Nor should it be ignored that the volume of contracts is an especially useful tool to avoid corrections in an adverse scenario. Actually, when these characteristic movements unfold in the stock market warns you that there is a change in the decision of the investors. With a clear imposition of sales to purchases. This action immediately translates into increased activity in the exchange of securities. Regularly with a notable increase in the negotiation of the titles that will catch your attention very soon.

This is one of the main reasons why you should pay special attention to this part of the equity analysis. Even sometimes it's a lot more effective than figure training using the graphics. Even if you combine both systems, you will have more security so that you can achieve the desired successes from that moment on. From this point of view, its utility is more maximum and therefore you can take advantage of this feature to establish your operations in the equity markets. You will see how the results are frankly beneficial when applying any of the investment strategies.

Advantages in its application

Whatever the case, it will be convenient for you to know some of the benefits that this particular analysis system provides. Among which the following stand out.

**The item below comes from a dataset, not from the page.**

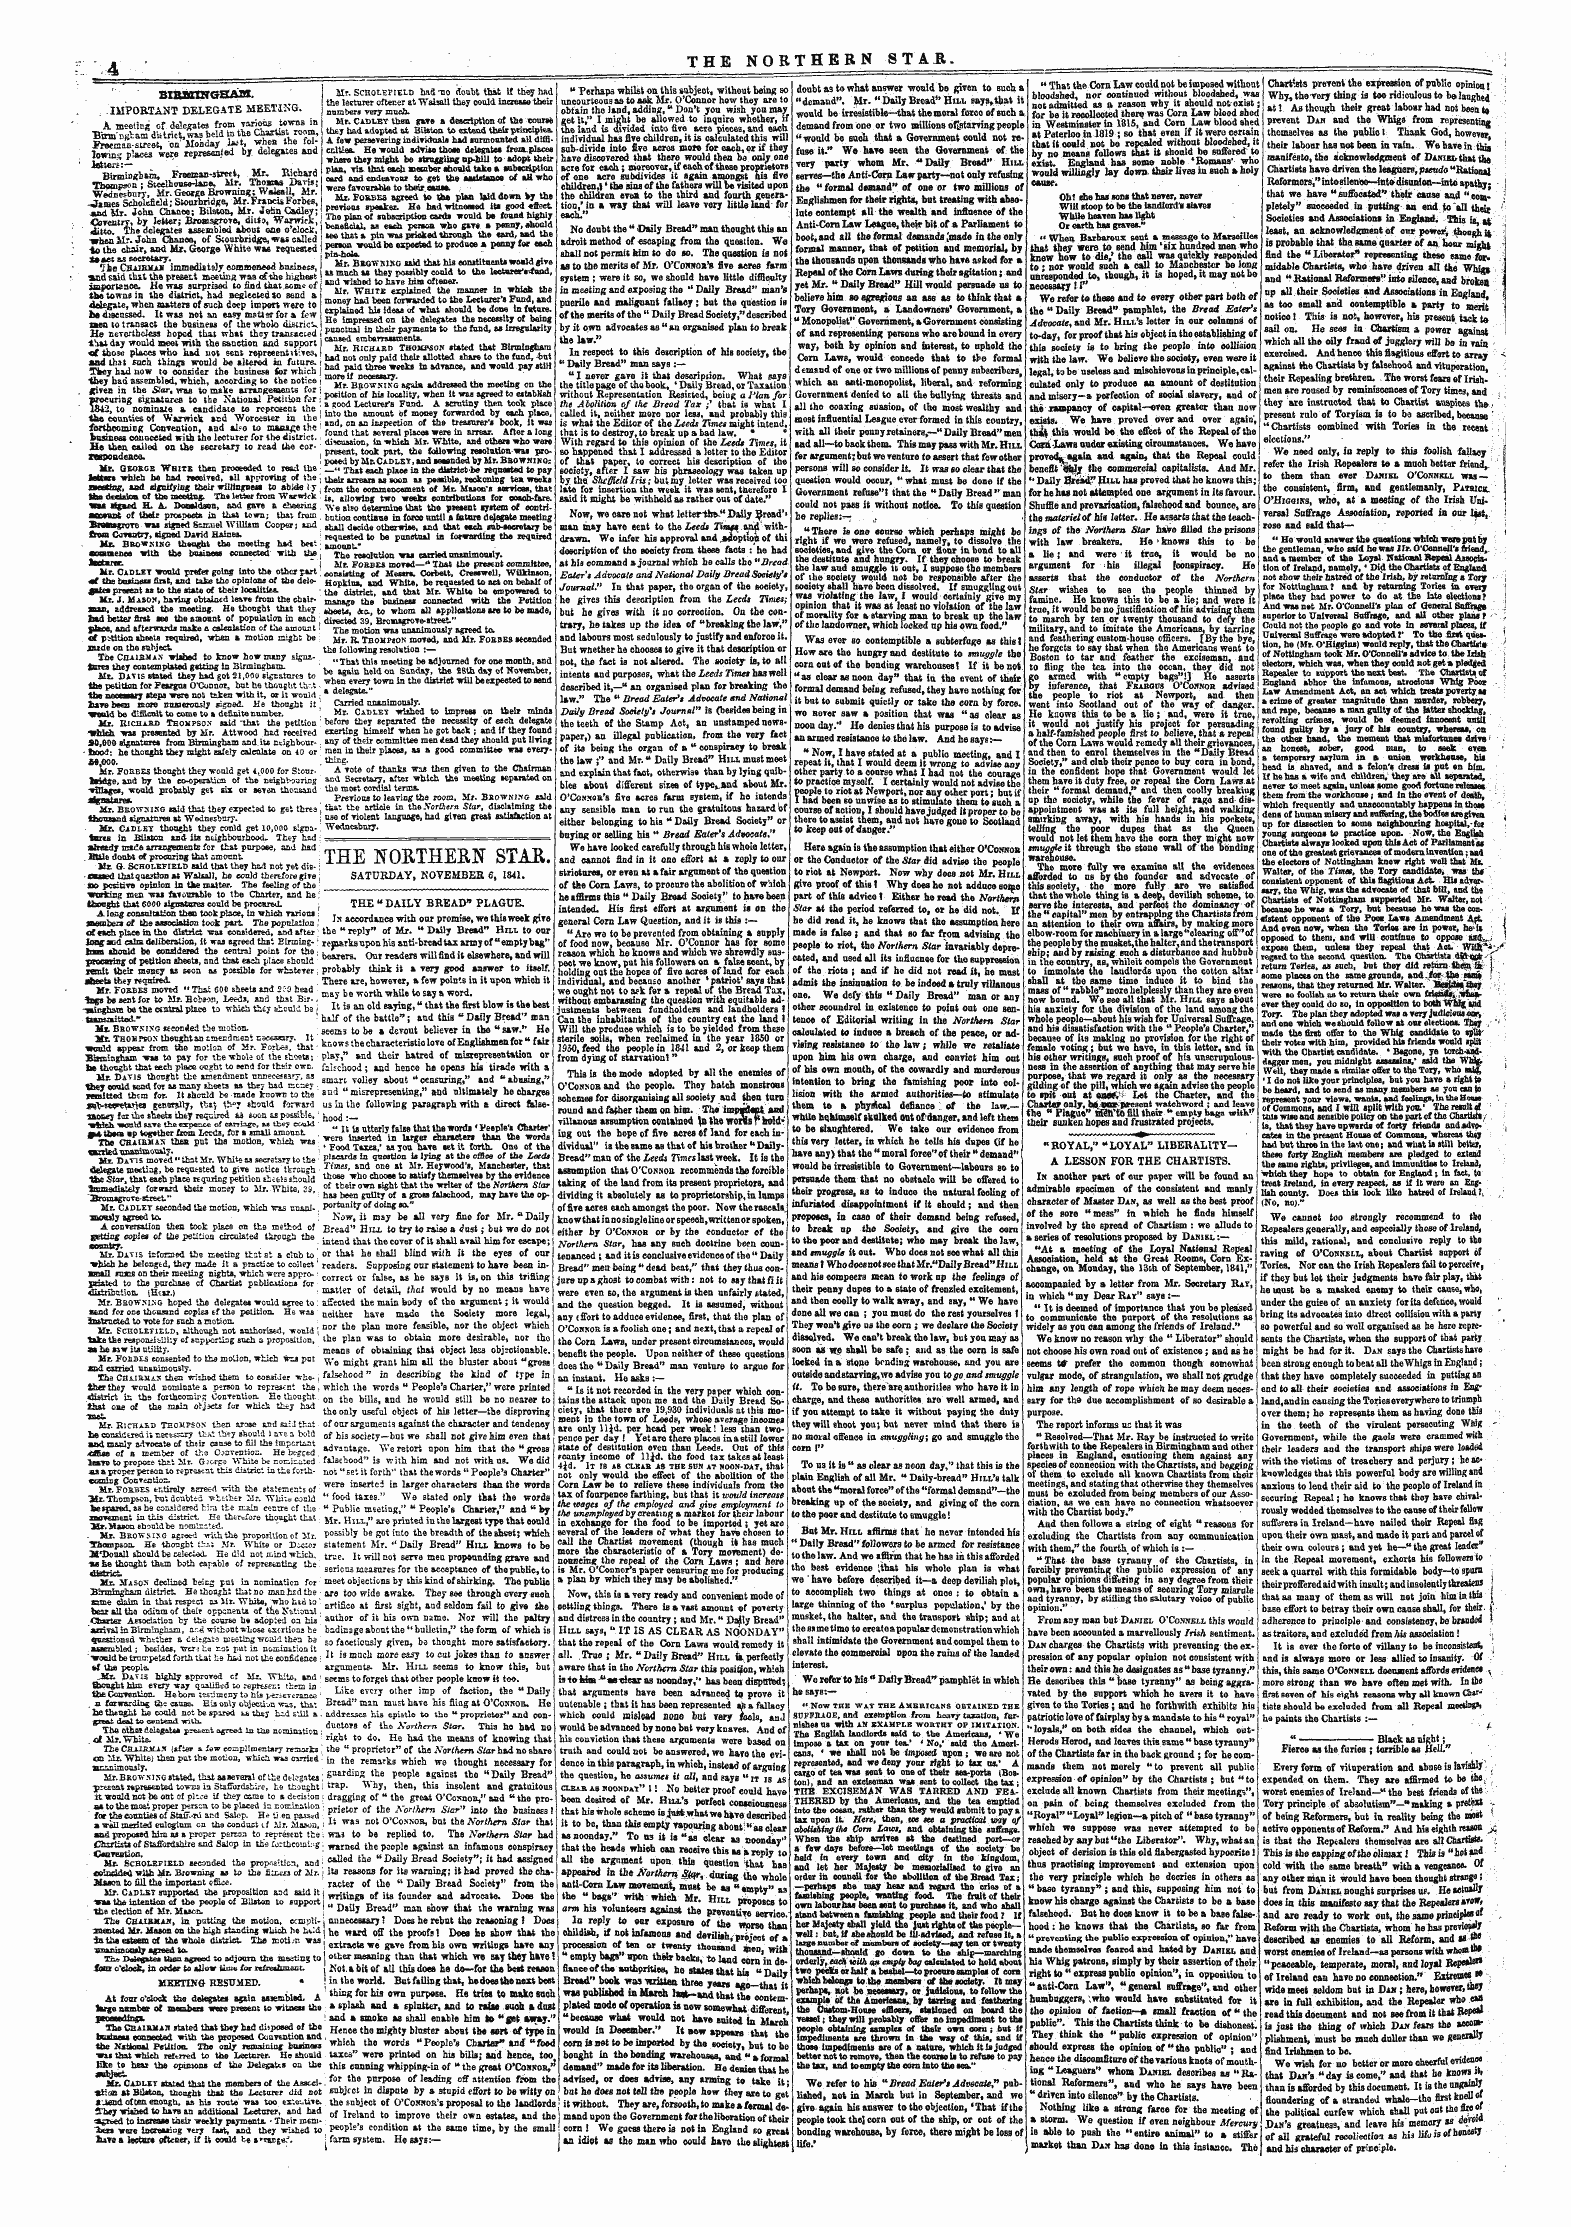 Northern Star (1837-1852): jS F Y, 4th edition - The Northern Star Saturday, November 6, 1841.

  • Detect any change of trend and of any sign, both in bullish and bearish processes. There are no limitations on its use despite what you may believe at this time.
  • It is extremely easy to know the volume of contracting given that it will be enough for you to look at this data which will be displayed in the values file.
  • When you see that there is a significant change in the negotiation, it will mean that something is happening with the value in question or that you are currently analyzing.
  • It is a variable that appears in every trading session, as your price and the limits they have shown on their date. It will be an indication to understand what you should do at all times and in all kinds of situations.
  • And finally, remember that any increase in the volume of hiring it does not have to mean that you are facing a marked uptrend in value. Because it can basically be the opposite move. It is the greatest difficulty you will have to analyze it from now on.